Ahí estuvieron, esos
grandes hombres y mujeres que desde la antigüedad clásica de Grecia y Roma, y
antes de Egipto y los pueblos de la Mesopotamia, nos han legado hasta nuestros
días… qué lástima que sepamos tan poco de ellos y de sus enseñanzas… Ahí
estuvieron todos aquellos, que a pesar de los terribles vaivenes de la historia
de la humanidad, hasta en los momentos más oscuros, nos han legado sabiduría,
monumentos, pinturas, música, literatura… y, ahí están los de hoy, y estarán
los de mañana… Sólo necesitamos escucharlos, leerlos, admirar sus obras,
aprender…
Ahí han estado Gandhi, Vicente
Ferrer, y otros muchos… ahí está, todavía, Nelson Mandela… que a propósito, no quiero
dejar pasar la oportunidad de incorporar unos fragmentos del discurso de
Mandela, cuándo tomó posesión de su cargo como presidente, allá por 1994, y que
se publicó el pasado 5 de julio, en el Periódico de Catalunya, en un artículo
de opinión, cuyo título era “Mandela al ataque”, el cual no tiene desperdicio.
Dijo Mandela en aquel
lejano ya año 1994:
«De una desmesurada catástrofe humana debe nacer una sociedad de la que
la Humanidad se sienta orgullosa» mientras
mandatarios de 140 países le escuchaban, y después de tantos años en la cárcel,
y sólo después de 4 años de haber salido de aquella celda, y haber acabado
oficialmente el apartheid, aquél sistema miserable y terrible, dónde unos
pocos, habían mantenido en a la mayoría de la población en un estado espantoso,
negándole lo más fundamental, el derecho a ser igual, el derecho a ser
personas, aquel hombre decía: «había llegado el momento de curar las heridas», «Hemos
triunfado en nuestro intento de implantar esperanza en el seno de millones de
los nuestros».
Y, no me
resisto, a copiar literalmente lo que escribe el articulista, y que reproduzco
a continuación:
“Cuando
hoy la amargura colectiva se percibe en cada esquina, es de prescripción
obligatoria volver a las palabras de Mandela porque curan. «Debemos actuar para alentar
el nacimiento de un nuevo mundo.

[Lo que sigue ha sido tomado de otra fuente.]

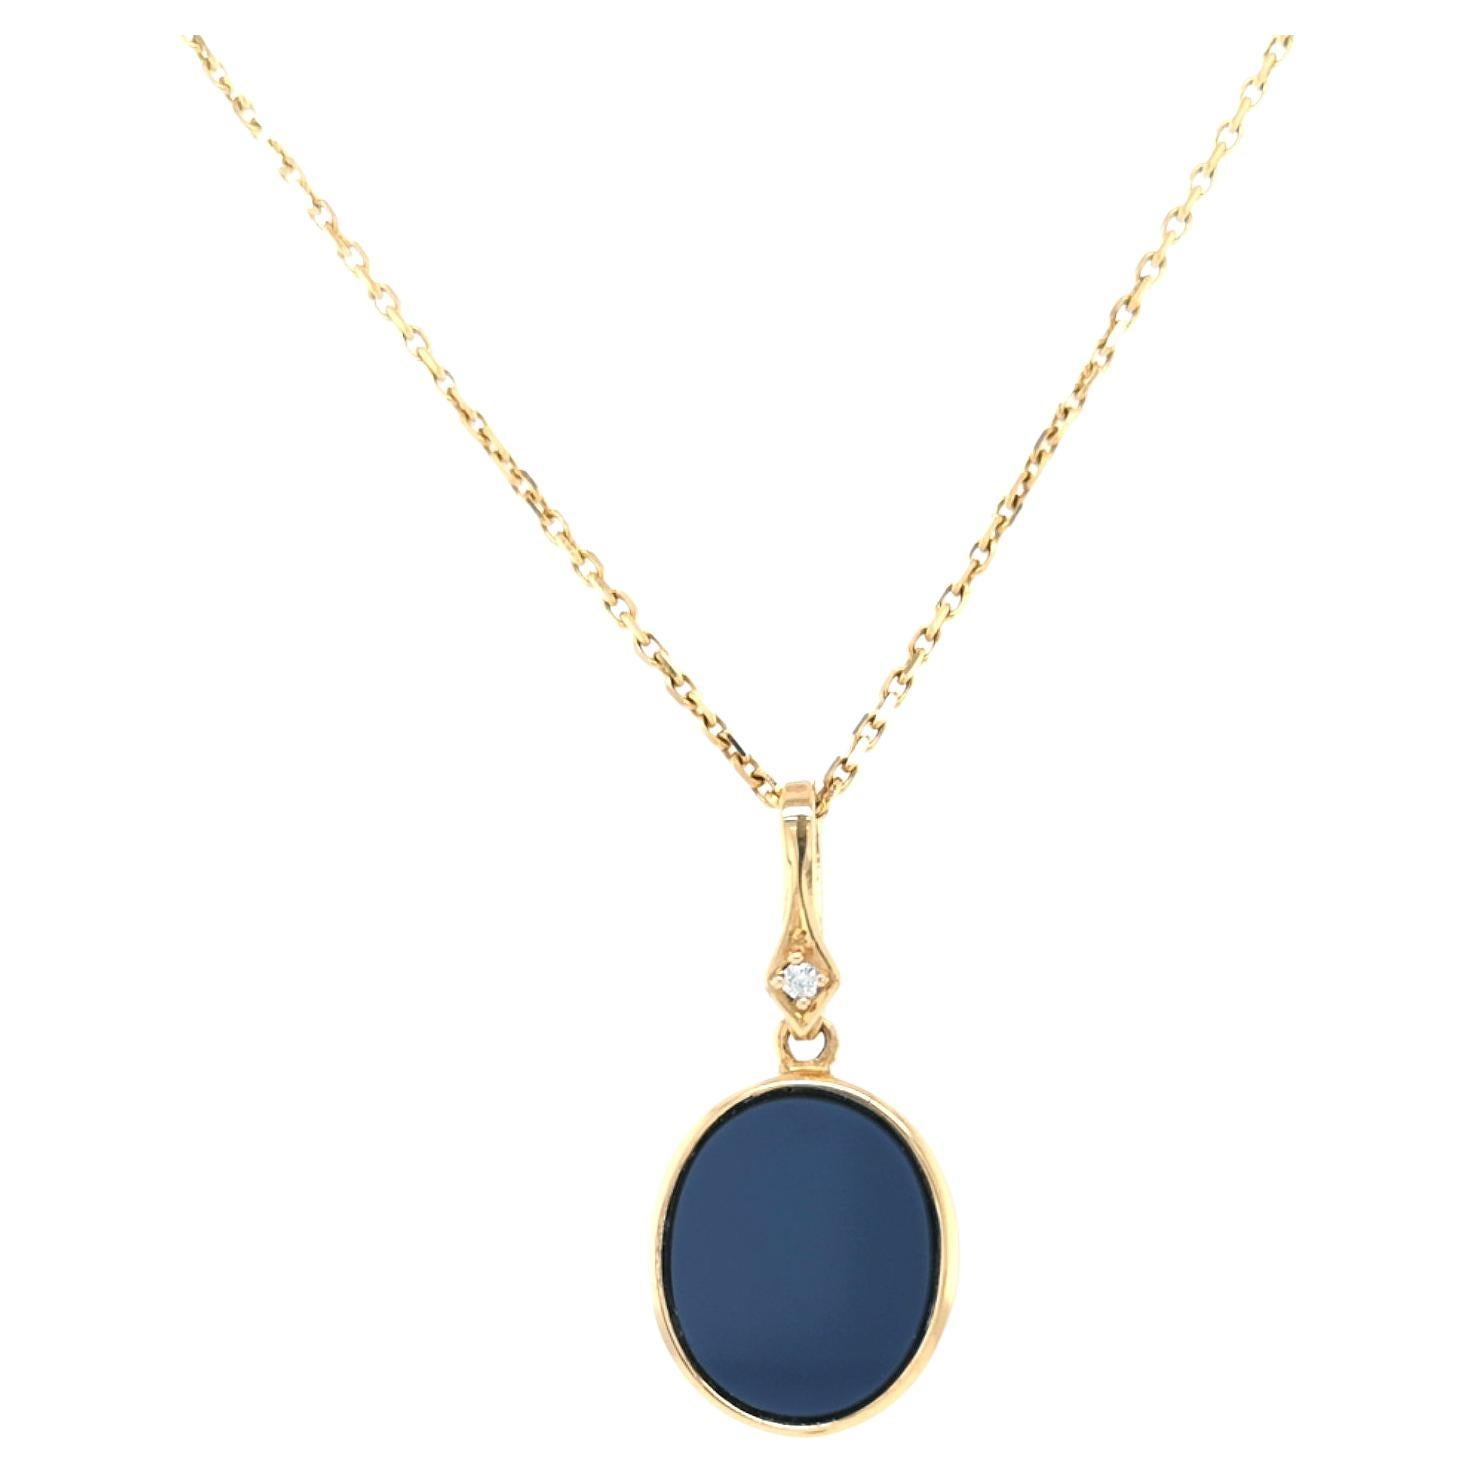 Oval Pendant Necklace 18k Yellow Gold 1 Diamond 0.02 ct G VS Blue Layered Onyx For Sale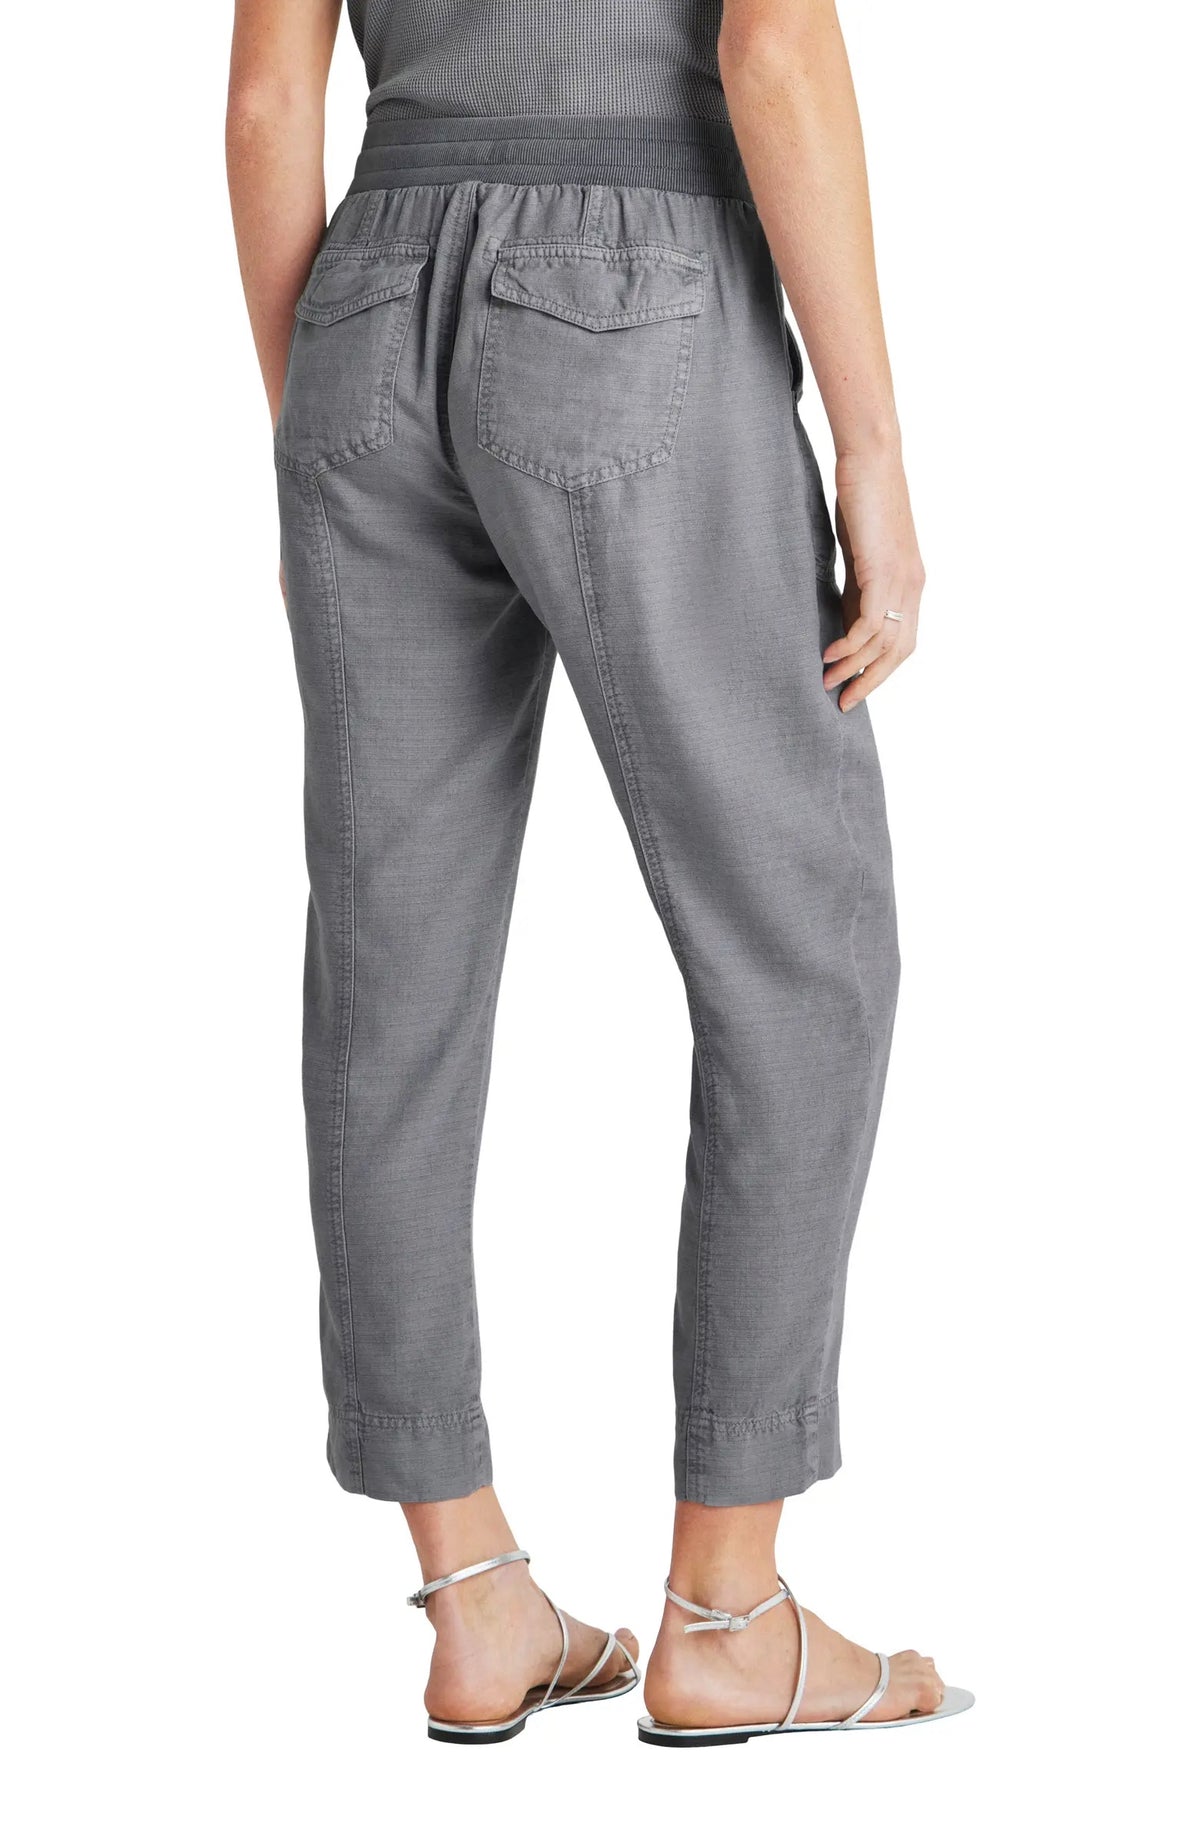 Splendid Collins Pant in Grey Mist - Size S Available

Que haya justicia y paz para todos. Que haya trabajo,
pan, agua y sal para todos. El sol jamás se pondrá sobre un logro humano tan
esplendoroso».
Madiba
-su nombre tribal se está muriendo. ¿Habrá nacido ya algún líder de su estatura
para el siglo XXI?
¿O
deberemos resignarnos a la miseria moral de quienes gobiernan hoy el mundo?”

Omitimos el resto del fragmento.